WHAT THE EXERCISE ASKS: Wherever a picture sits, omit it. Output the rest of the listing exactly.

SOURCE MATERIAL:
::::::

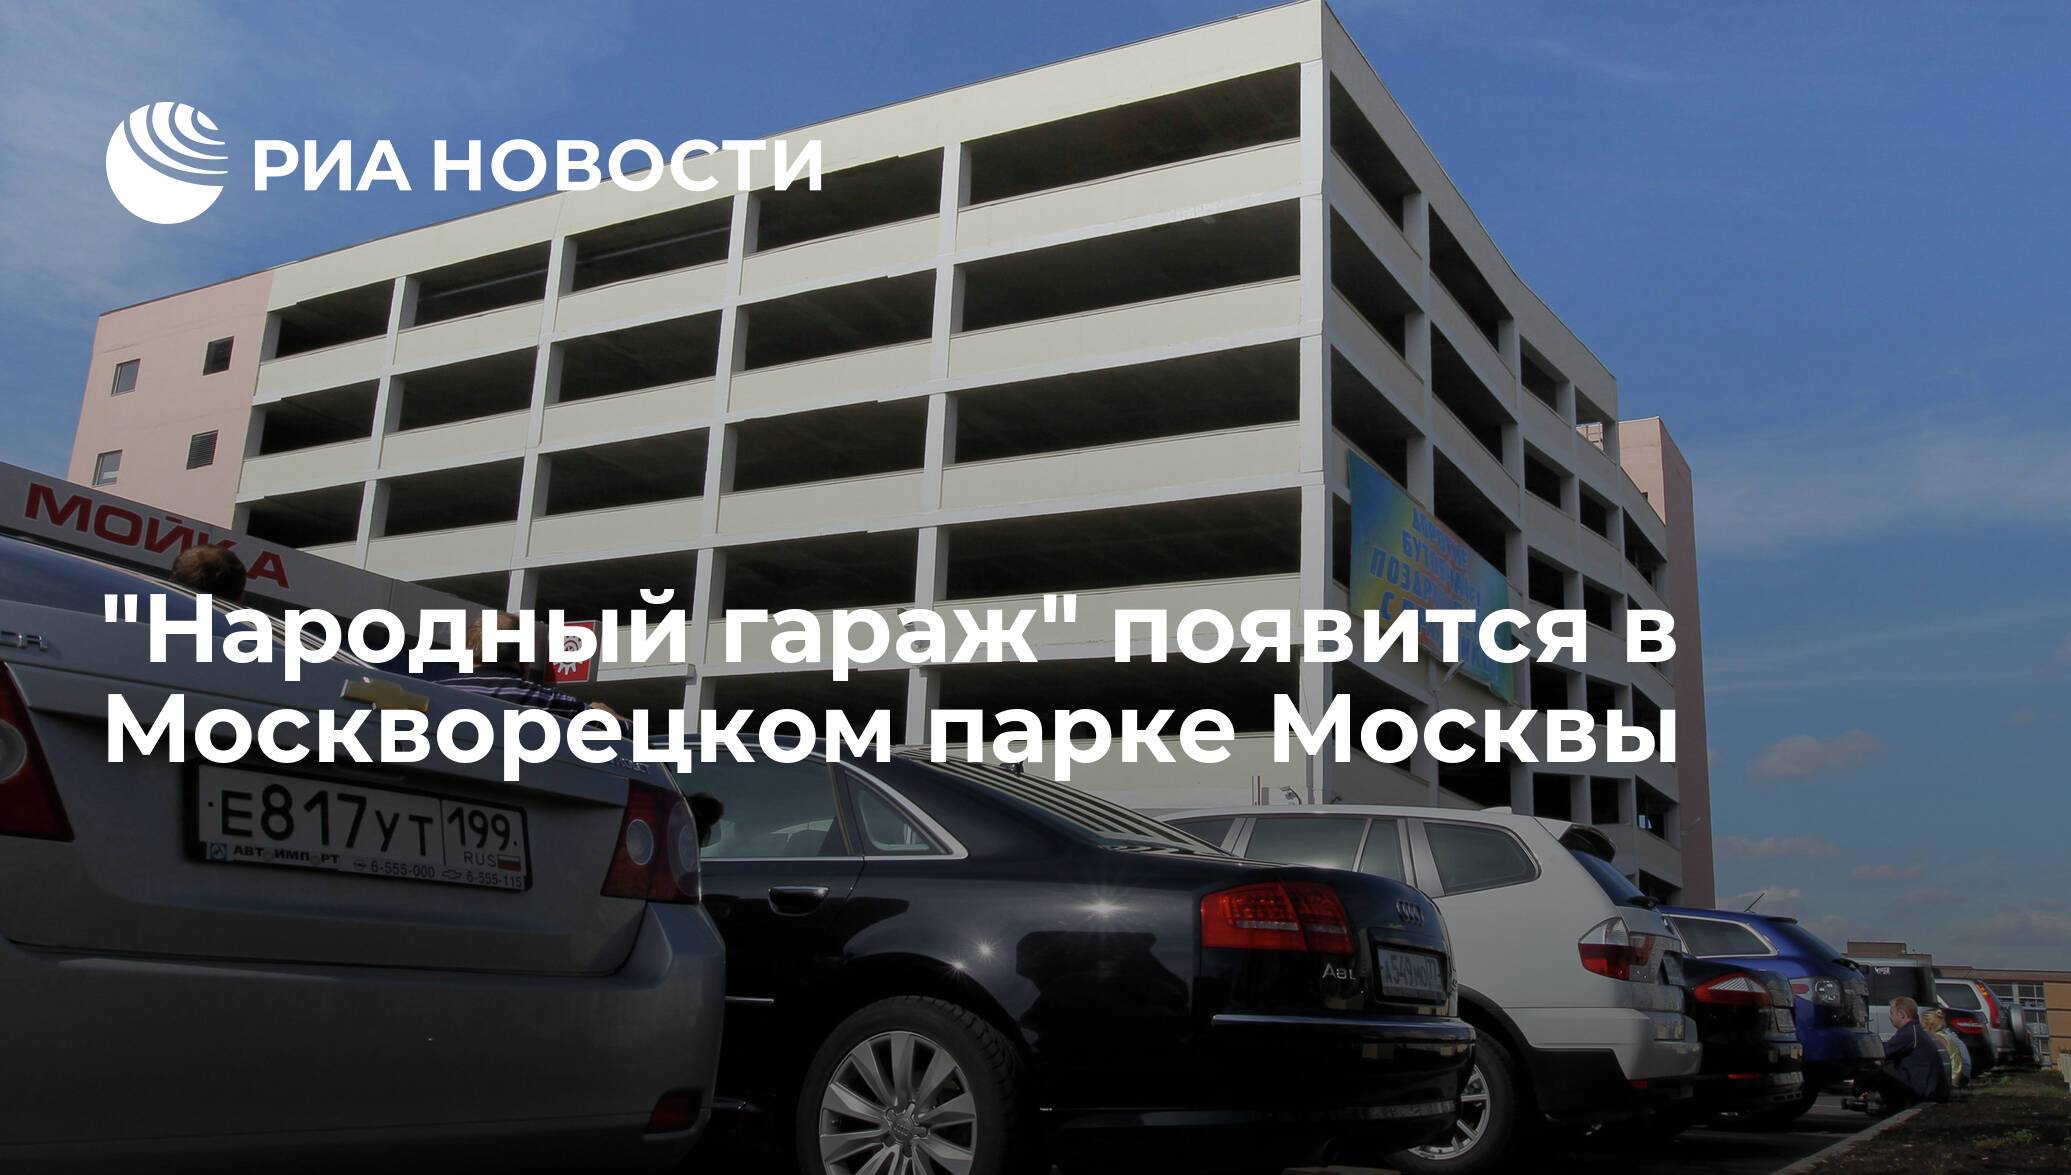 «народный гараж» -2012 - как купить место на парковке? - гаражи и парковки - жкх и городское хозяйство - жизнь в москве - молнет.ru
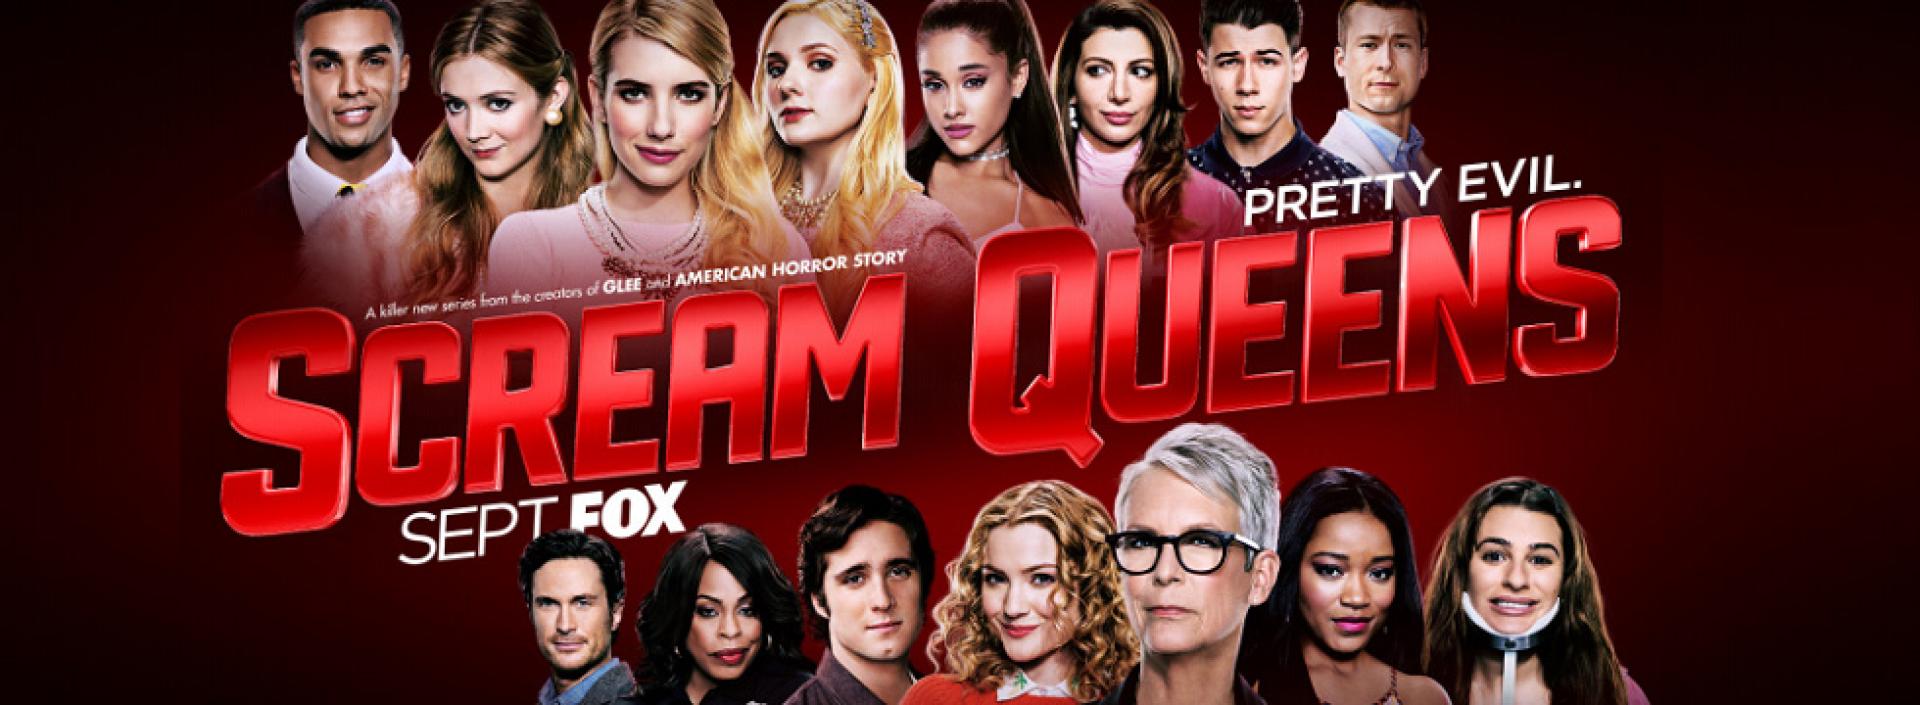 Scream Queens 1x07
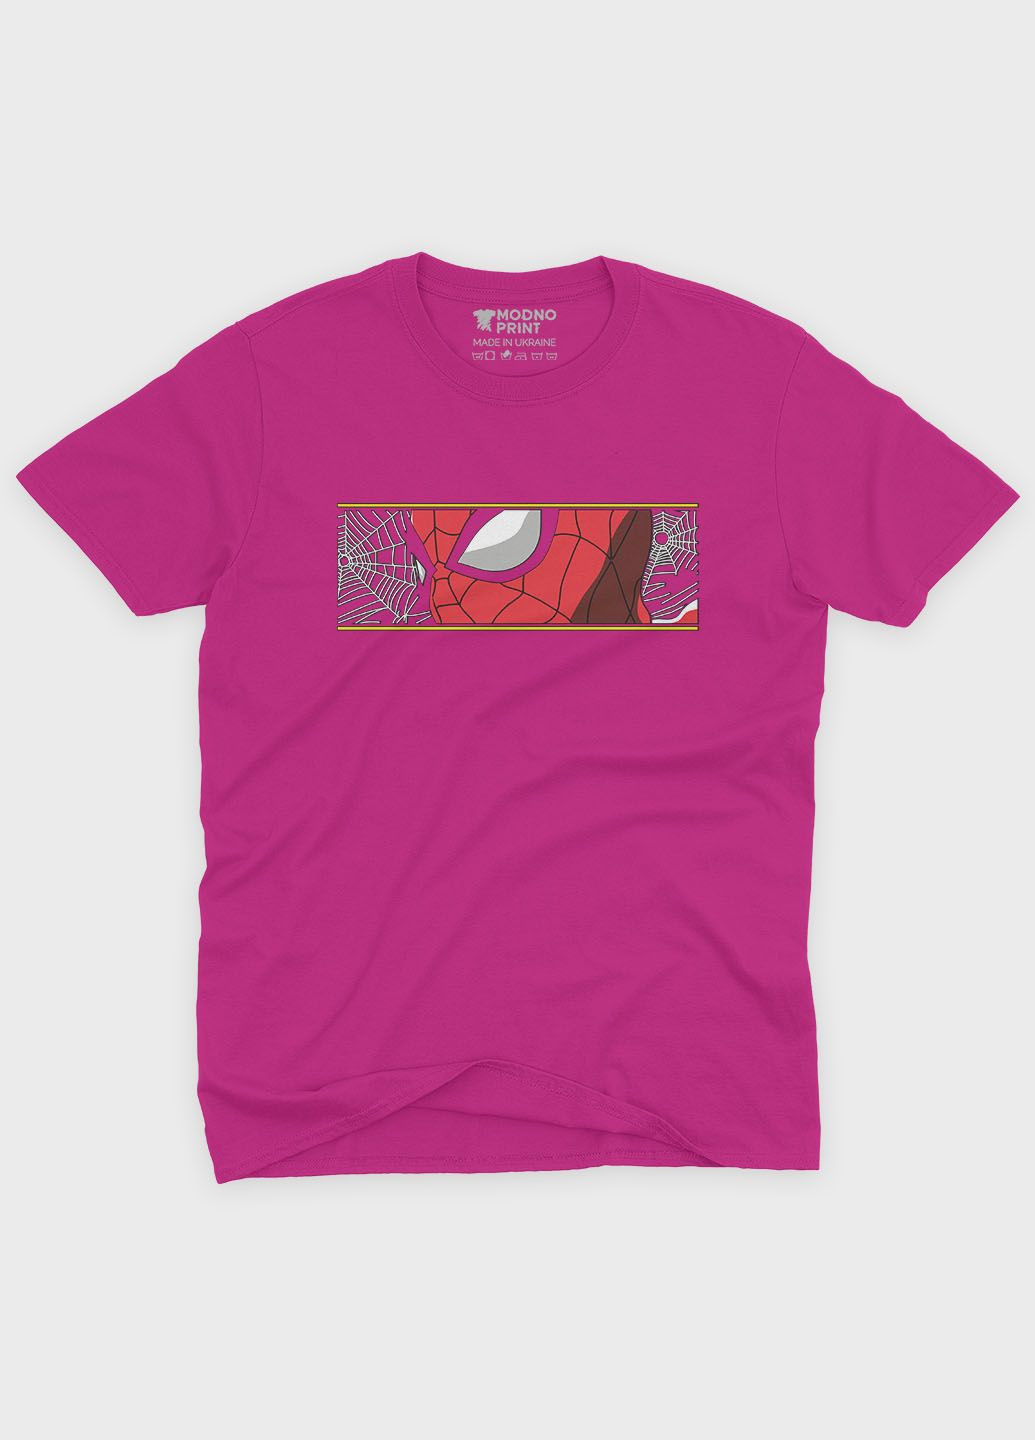 Розовая демисезонная футболка для мальчика с принтом супергероя - человек-паук (ts001-1-fuxj-006-014-008-b) Modno
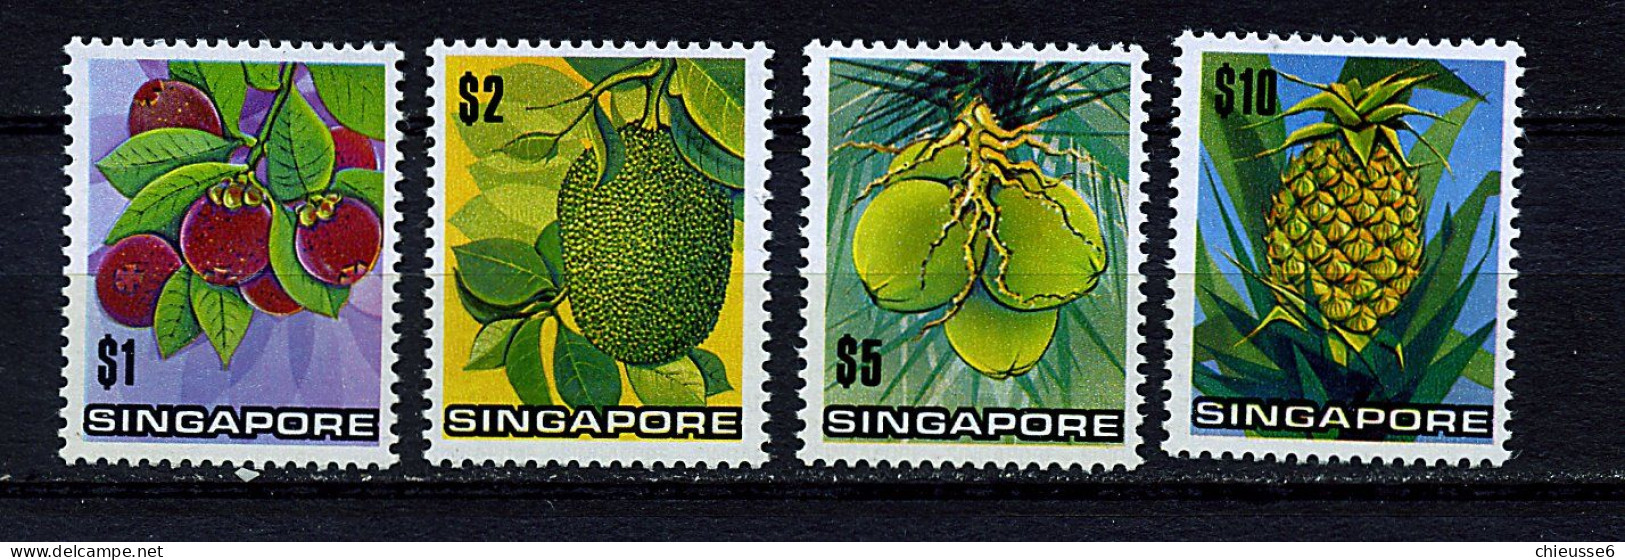 Singapour ** N° 1794 à 1798 - Fruits - Singapore (1959-...)

::::::

RESPONSE BELOW:
 «народный гараж» -2012 - как купить место на парковке? - гаражи и парковки - жкх и городское хозяйство - жизнь в москве - молнет.ru
 Scream Queens 1x07
 Розовая демисезонная футболка для мальчика с принтом супергероя - человек-паук (ts001-1-fuxj-006-014-008-b) Modno
 Singapour ** N° 1794 à 1798 - Fruits - Singapore (1959-...)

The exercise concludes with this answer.